# Haul MAC $140



## khmershortay (Nov 16, 2008)

I spen $140 yesterday hauling @ MAC, I never spent that much before, but hey its my birthday next week so why not?

MAC Cool Eyes Palette
Mineralized Foundation NC44
Russian Red l/s
Cherry l/l
Bare Slimshine ( I had to restock on this)
Soft Orche Paint pot (thank god they had it in stock)

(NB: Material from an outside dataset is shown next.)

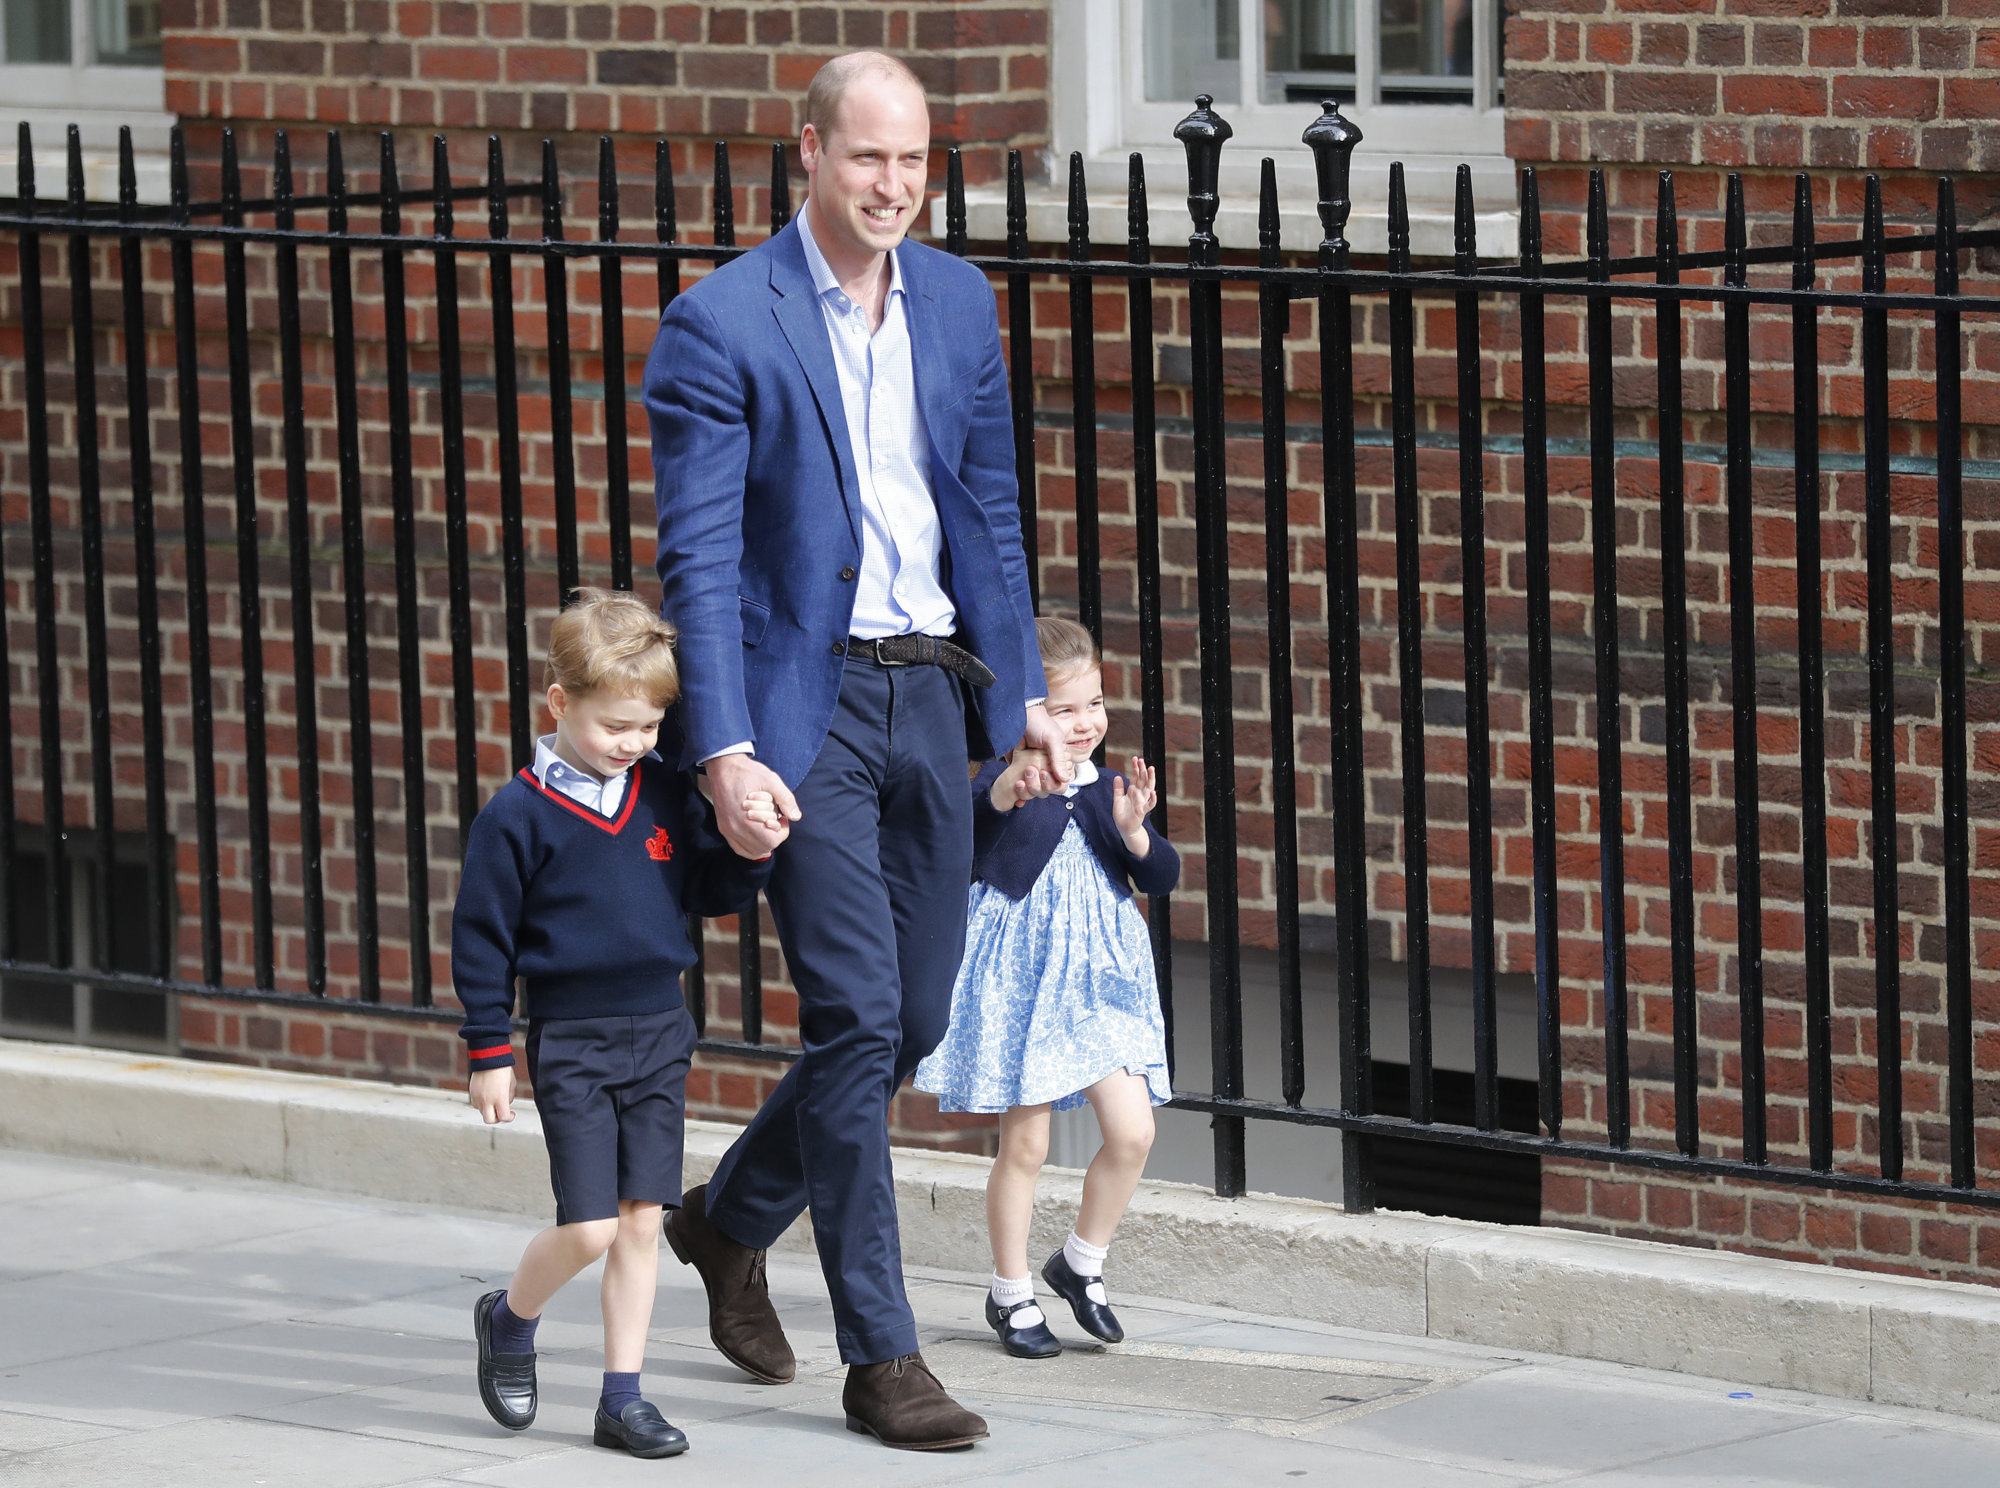 Britain's Prince William arrives with Prince George and Princess Charlotte back to the Lindo wing at St Mary's Hospital in London London, Monday, April 23, 2018. The Duchess of Cambridge gave birth Monday to a healthy baby boy — a third child for Kate and Prince William and fifth in line to the British throne. (AP Photo/Frank Augstein)

Swatches of the Palette and Russian red l/s cherry l/l

My FOTD yesterday




eyes: mac parrot, freshwater, carbon, shroom
lips: I had Bare slimshine w. stripdown l/l and wore the Russian red l/s w/ cherry l/l afterwards

















I wore Funtabulous Dazzleglass on top





I also did some accessories hauling from H&M









My neice Adrianna ready to go to the mall with me


----------



## GlamQueen21 (Nov 16, 2008)

I've always wanted the Cool Eyes palette from the Passions of Red Holiday Collection!! Awesome haul!!!


----------



## TamiChoi (Nov 16, 2008)

nice haul! enjoy


----------



## hooked*on*mac (Nov 16, 2008)

Great Haul! Enjoy =)


----------



## dictator (Nov 18, 2008)

love the eyes! nice haul, i hope you enjoy everything. i think i should start spending some of my funds on that palette. xD


----------



## SiCiLyGiRl (Nov 18, 2008)

nice haul & u look very pretty


----------



## aleksis210 (Nov 19, 2008)

You're so cute! Great Haul!


----------



## khmershortay (Nov 21, 2008)

thanks everyone. i love love the russian red lipstick


----------



## TISH1124 (Nov 21, 2008)

Great Haul...Love this look on you especially with the red lips....Very pretty!!!


----------



## kathweezy (Nov 22, 2008)

great haul. and cute niece.


----------



## vbretta (Nov 23, 2008)

Loooove the Russian Red!


----------



## joyca (Nov 23, 2008)

nice haul! love it!


----------